**THE RECORDS:**
--- START ---
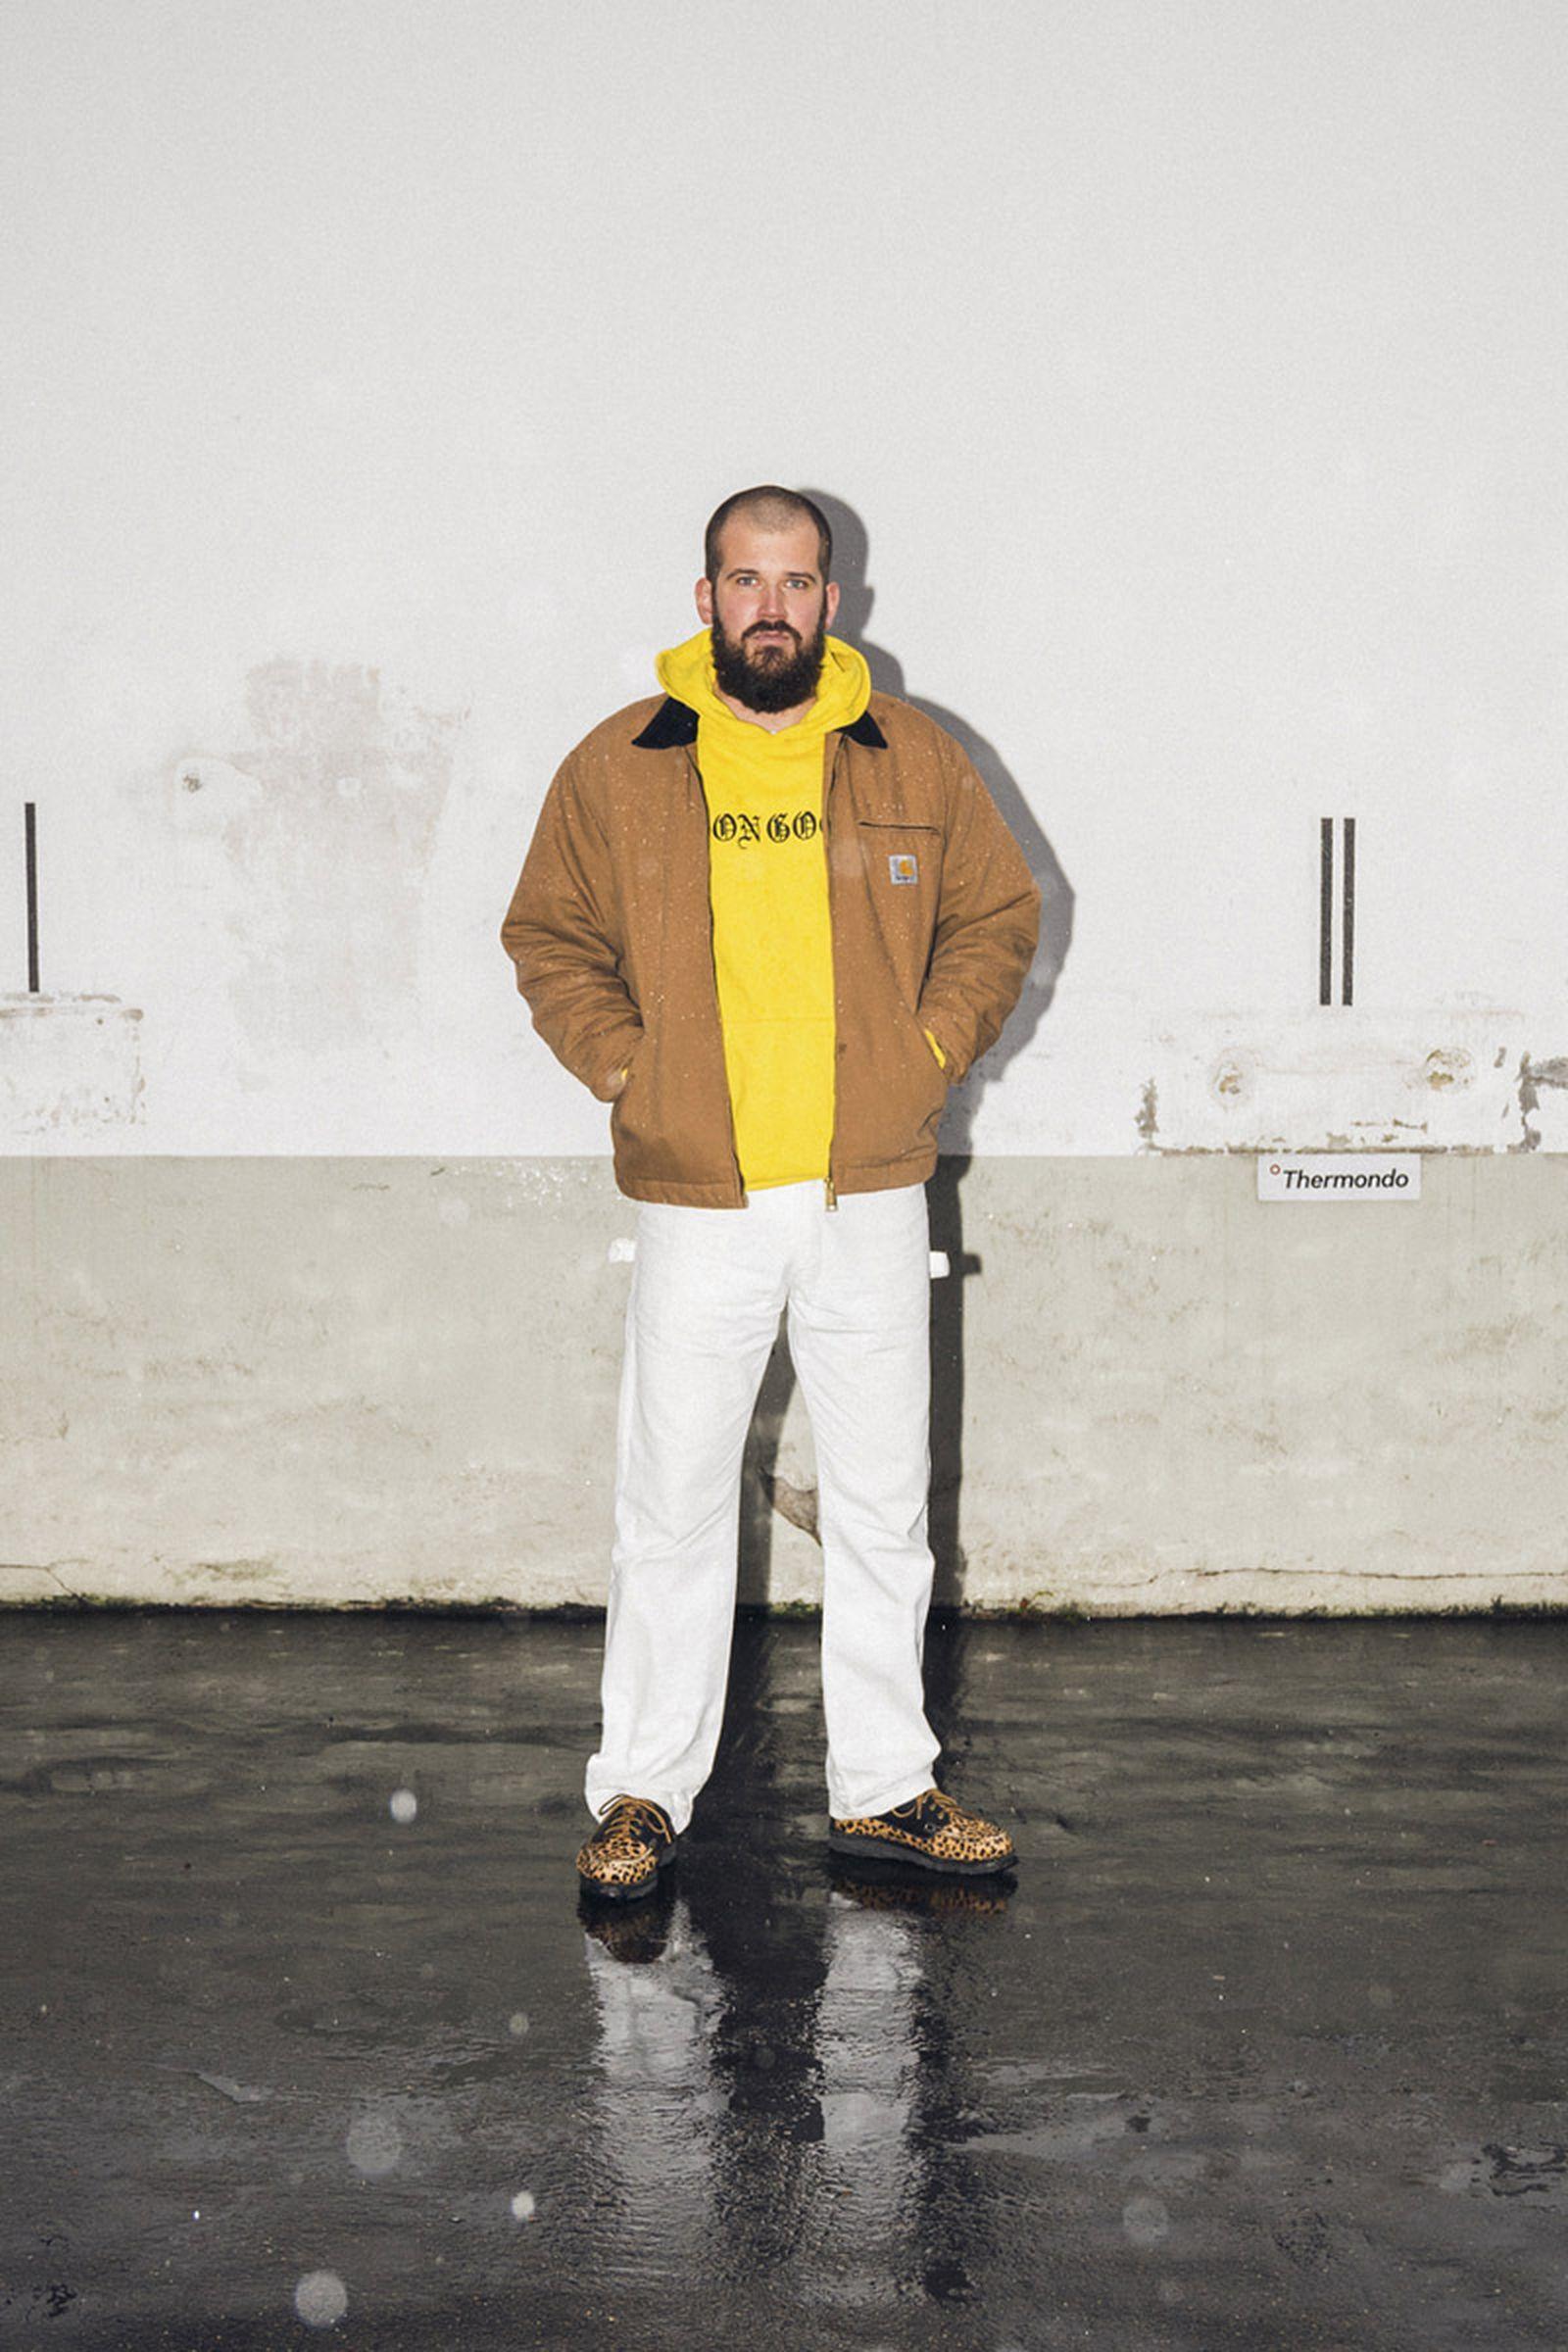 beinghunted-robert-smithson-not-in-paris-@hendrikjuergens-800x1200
--- END ---
--- START ---
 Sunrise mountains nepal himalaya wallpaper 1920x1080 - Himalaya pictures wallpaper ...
--- END ---
--- START ---
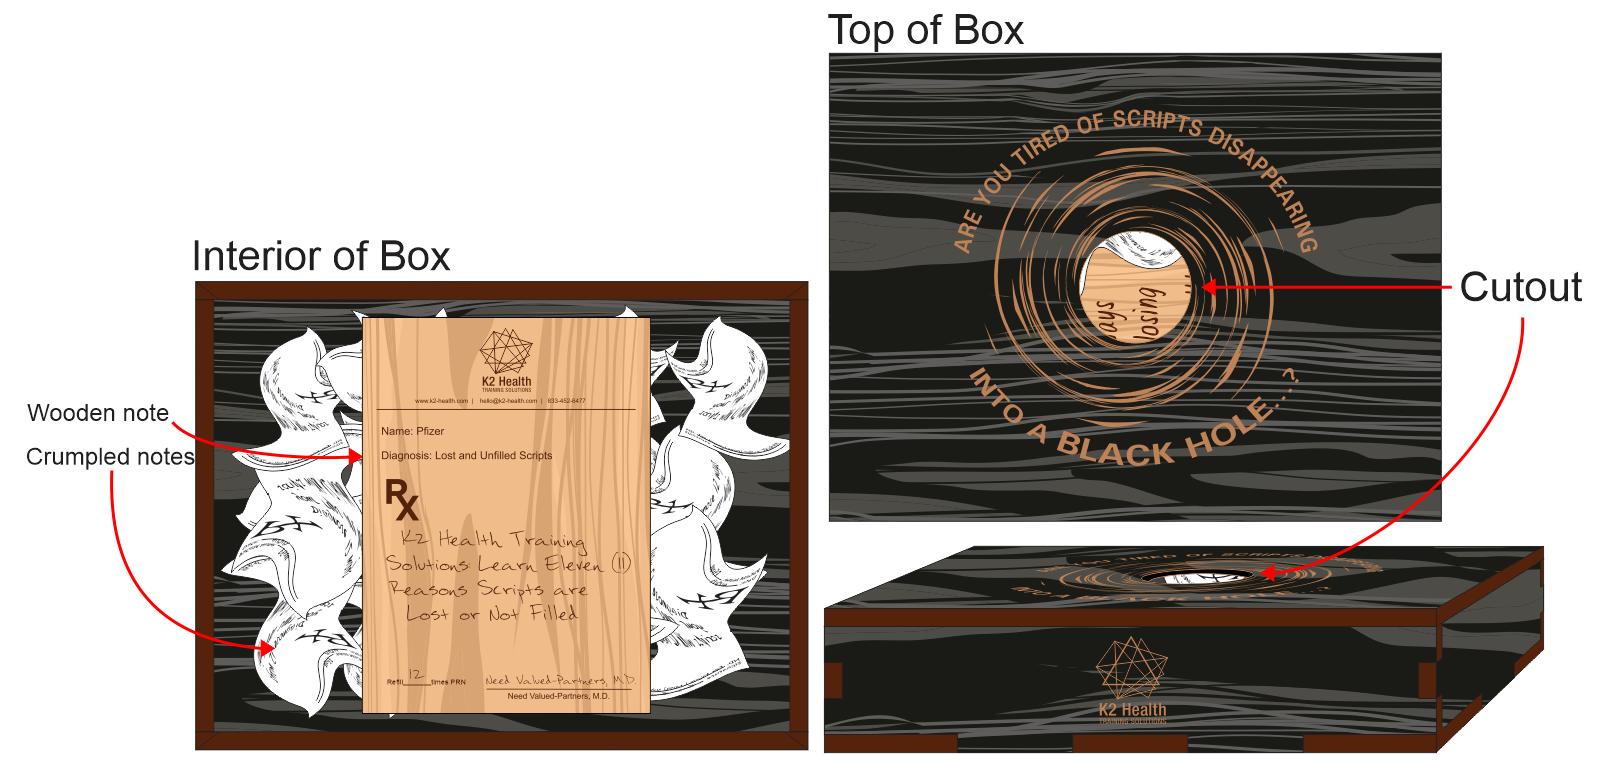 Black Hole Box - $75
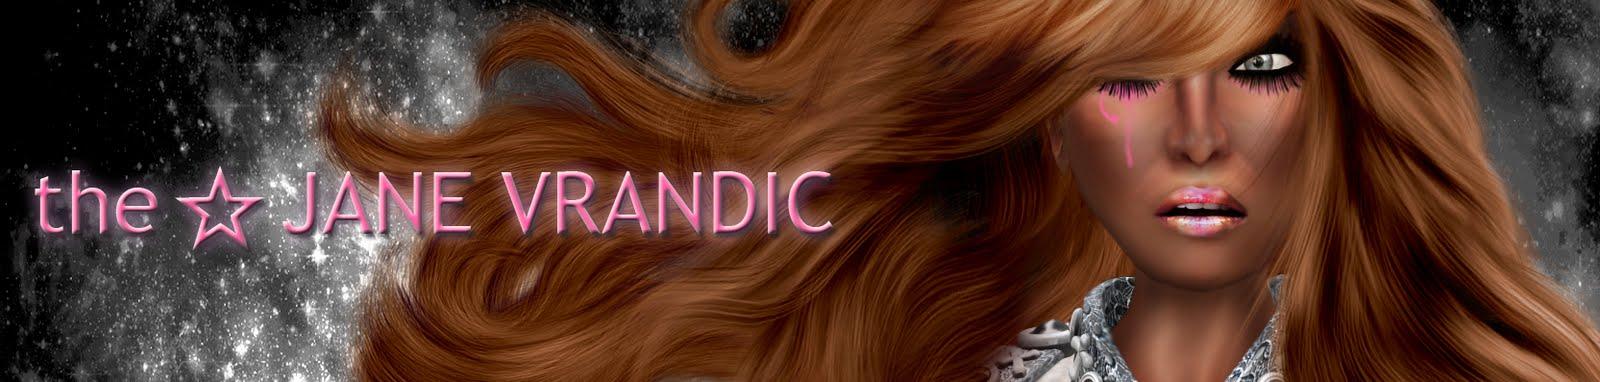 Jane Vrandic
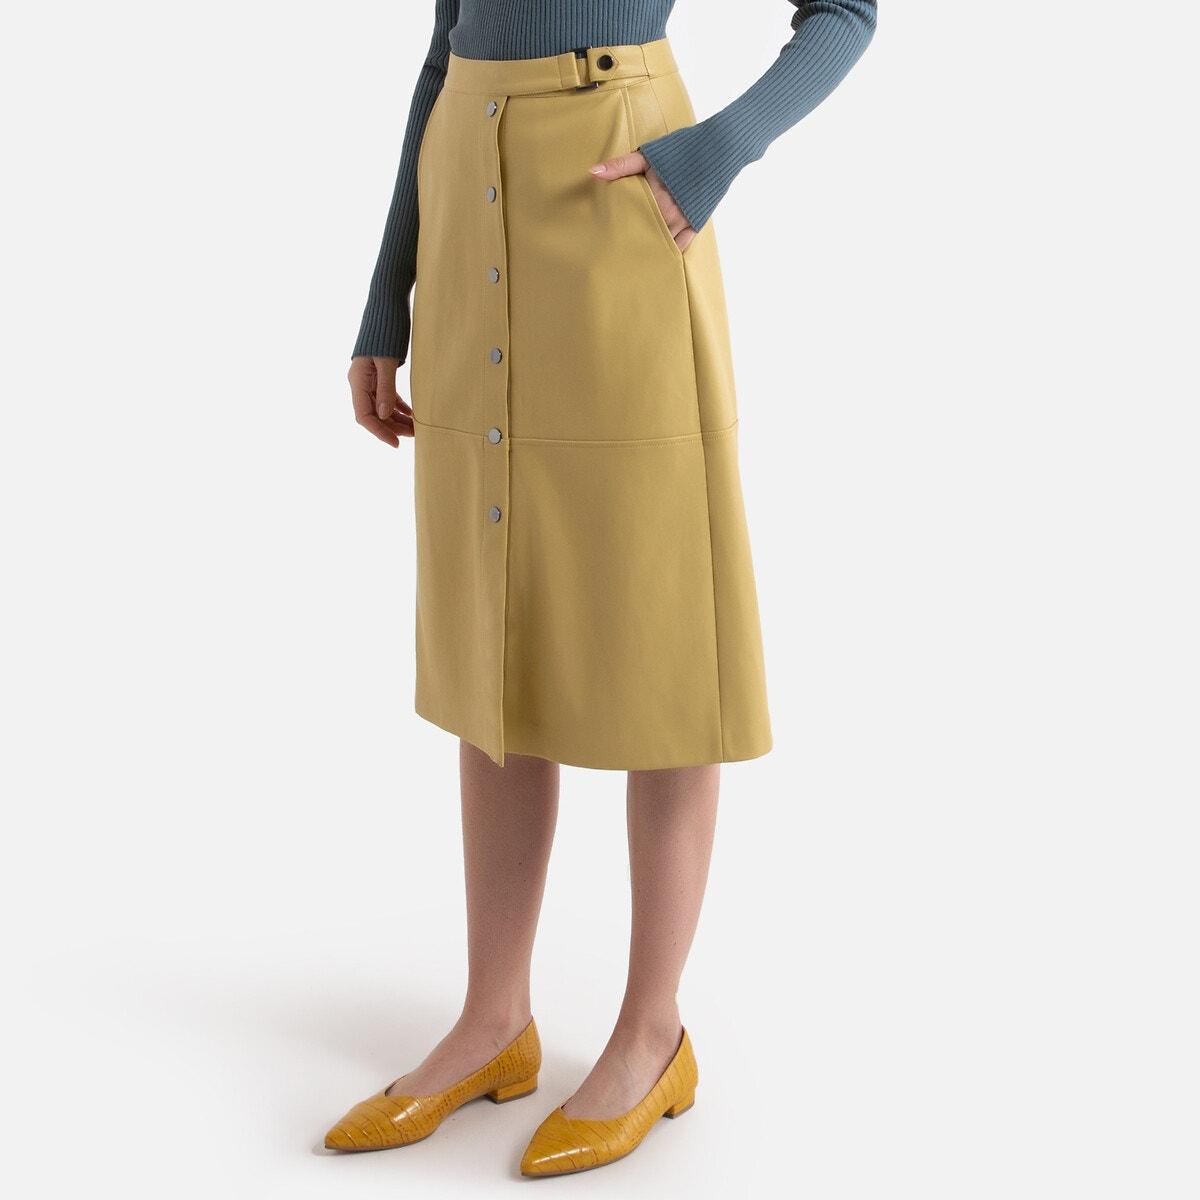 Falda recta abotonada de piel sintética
--- END ---
**PROBLEM TO SOLVE:** Exactly as written above, retype the lines starting at the one holding "Black Hole Box - $75" and ending at the one holding "Falda recta abotonada de piel sintética", both included, but not the pictures.

**SOLUTION FOR THIS EXERCISE:**
 Black Hole Box - $75
 Jane Vrandic
 Falda recta abotonada de piel sintética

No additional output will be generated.